"The relational database era is passing…"
Yes, because mathematically demonstrable advantages are no longer important!
This should be a red flag to anyone to avoid this company with a barge pole.
MongoDB hopes to rake in as much as $220.8m when it finally goes public – a move expected later today. The NoSQL database company, which started life as 10Gen in 2007, has set its share price at $24, up from previous market estimates of around $21. It is putting 8 million Class A shares on the market, with trading due to …
@Korev it depends an awful lot on what you want: time series, documents, etc. NoSQL stuff should really be thought of as some form of denormalised data store that is particularly suitable for particular use cases or queries, where the flexibility of the relational model is less appreciated and you have very large (> 100 GB) datasets you want to play with. There are specialised DBs for things like time series (logs can get big quickly) but HDFS (Hadoop) with Apache Spark is a reasonable place to start to get a feel for the area.
But it's also worth pointing out how useful something like Binary JSON for Postgresql is as an add-on to an existing project.
Spark still offer free parallelisation and that can be useful if your language of choice doesn't support parallelisation very well (e.g. Python). However, it is indeed most suited when you need to scale out to multiple machines.

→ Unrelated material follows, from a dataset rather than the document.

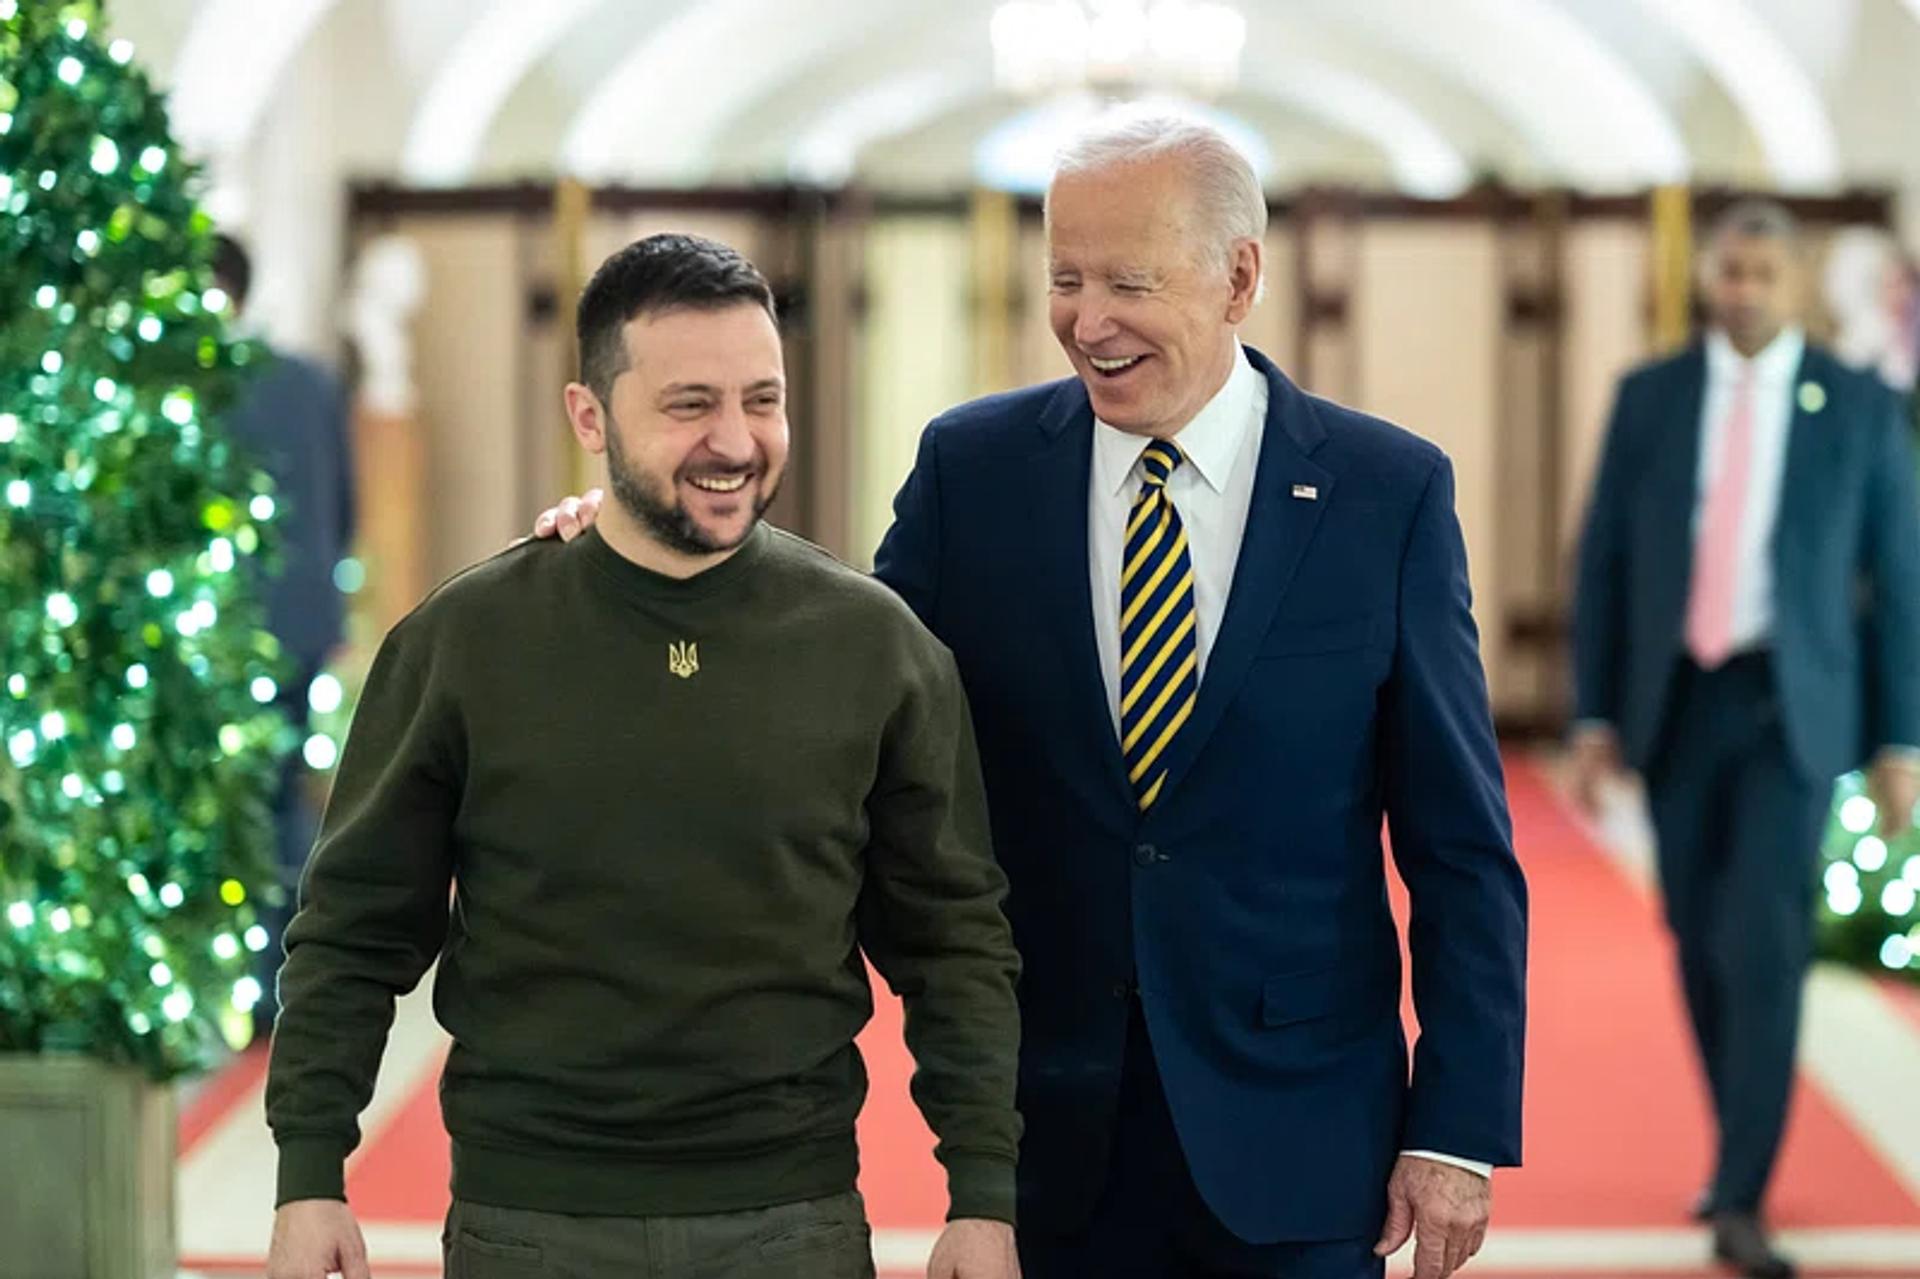 President Joe Biden pictured smiling while walking with Volodymyr Zelenskyy

Regarding MongoDB, I found it a pain to setup and to maintain. AWS DynamoDB has its own problems, but is a lot easier to setup and maintain and has better security by default. In-house I generally use PostgreSQL or Hadoop HDFS, depending on the problems I am trying to solve. However, more importantly for this IPO, the companies that I have worked for and are using MongoDB, are generally very happy to run the community edition without a support contract. That probably explains the large losses.
I've had a play with Spark and I like it a lot. I do have the problem that most data that we play with happily fits in RAM on a single machine* though!

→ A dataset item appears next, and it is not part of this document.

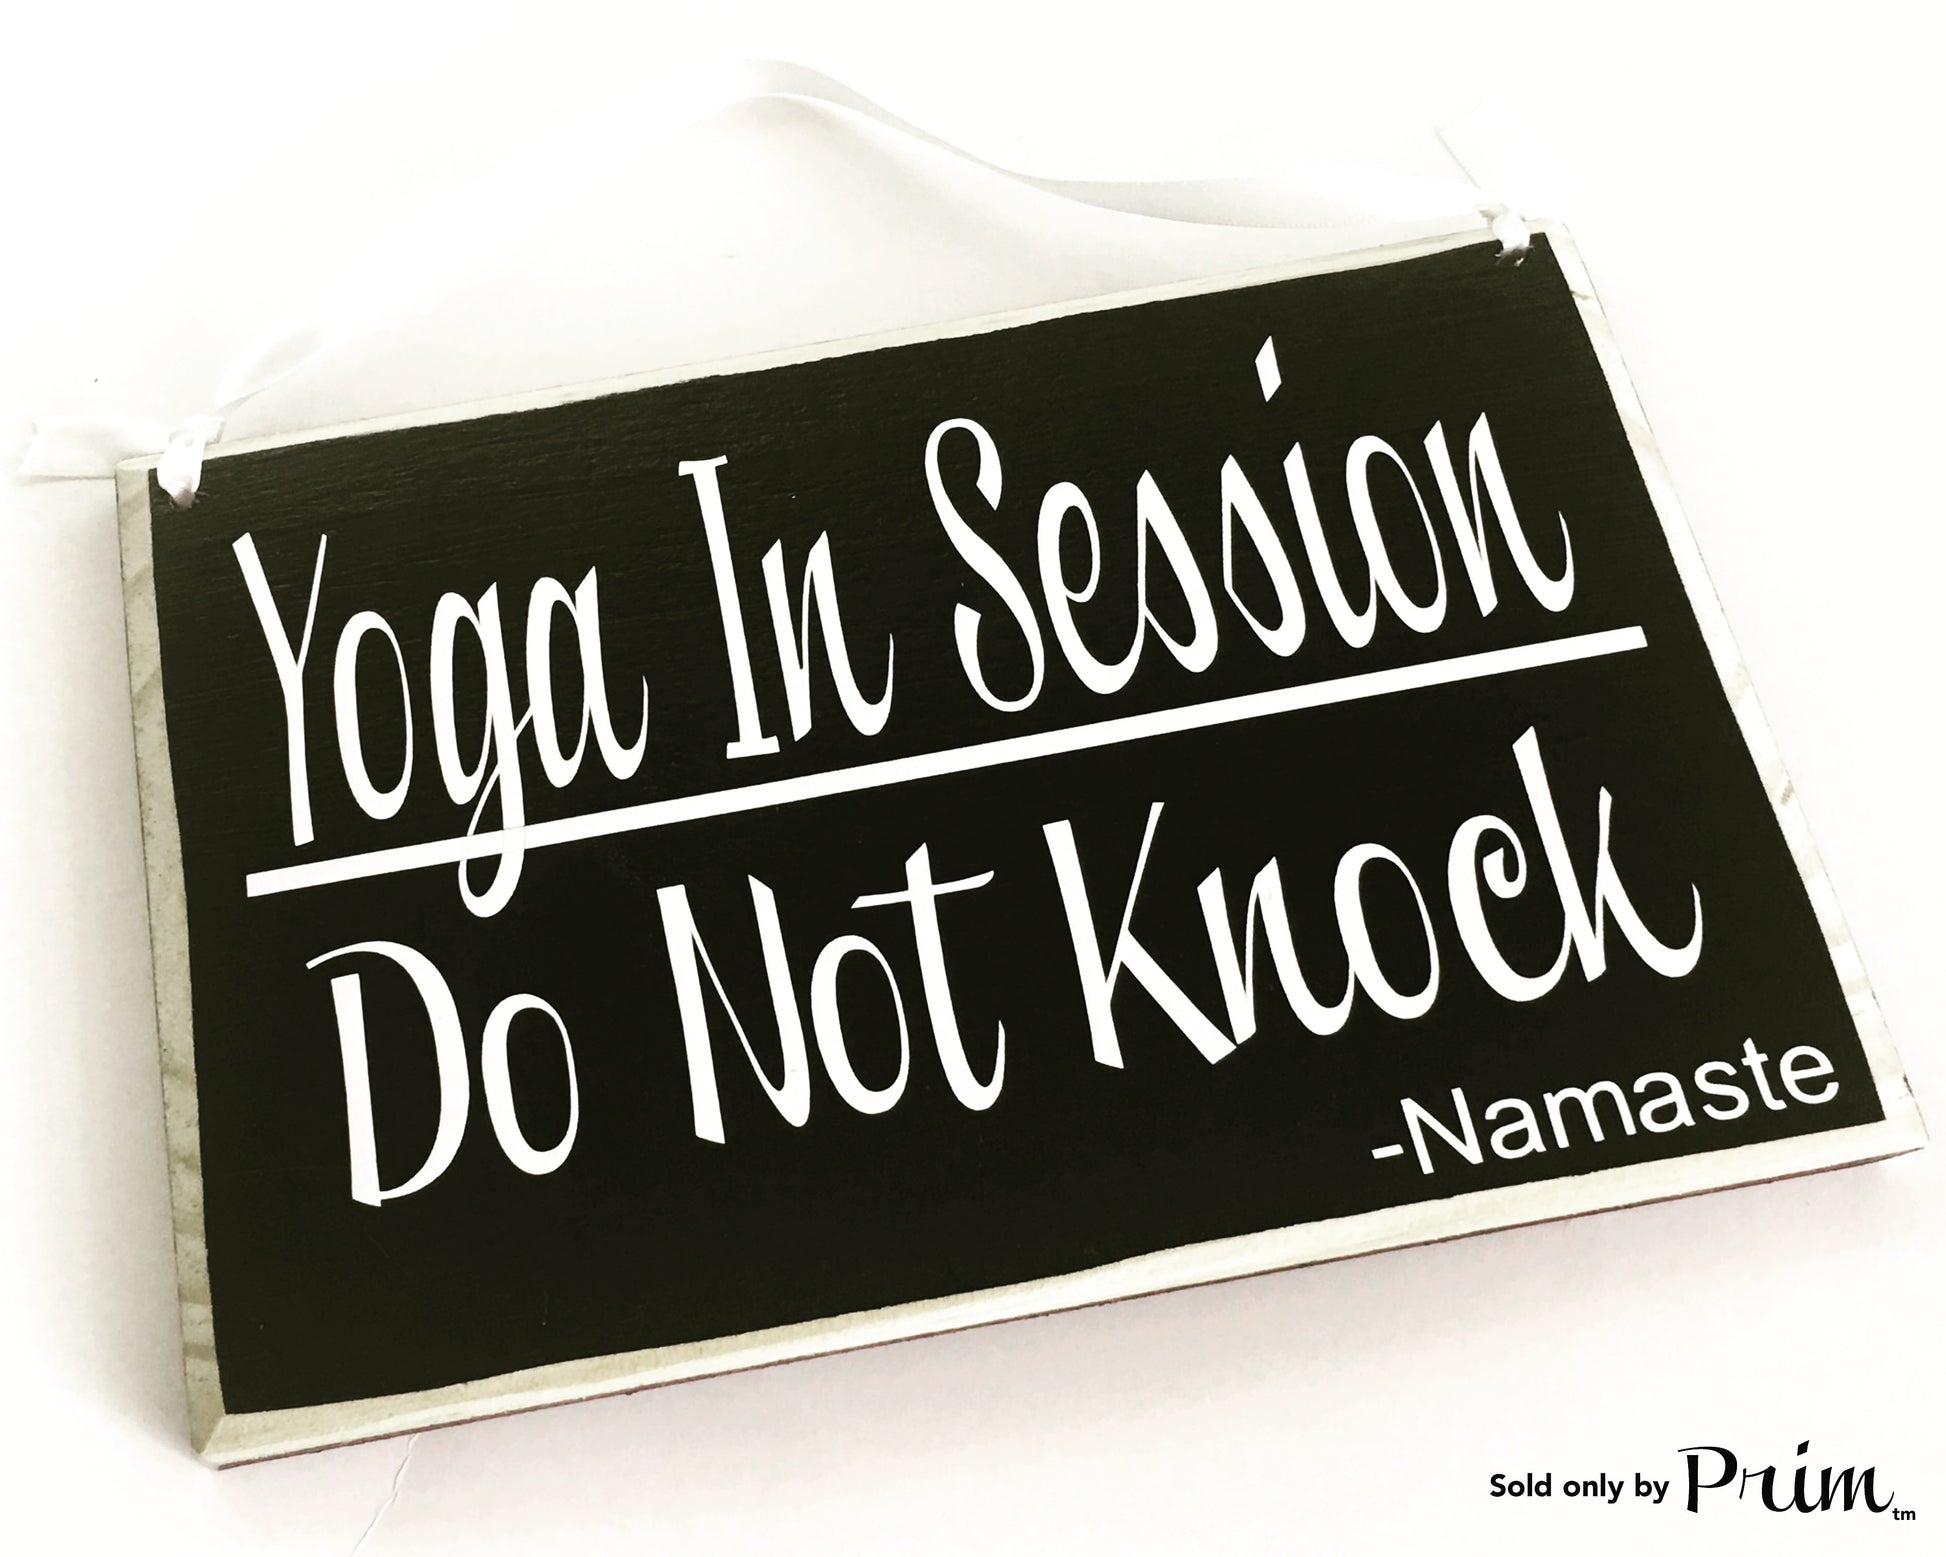 8x6 Yoga In Session Do Not Knock Namaste Custom Wood Sign Do Not Disturb Om Relaxation Spa Om Zen Meditation Door Plaque

Slightly confused by this because as long as your data fits into RAM you shouldn't have any problems. Both SparkQL and Google's Big Query have acknowledged, that despite its many problems, there are huge advantages in a standard query language. I guess the main difference between NoSQL and relational is whether you want or need persistent indices. NoSQL kind of implies extremely that your data is transitory so it's hardly worth indexing.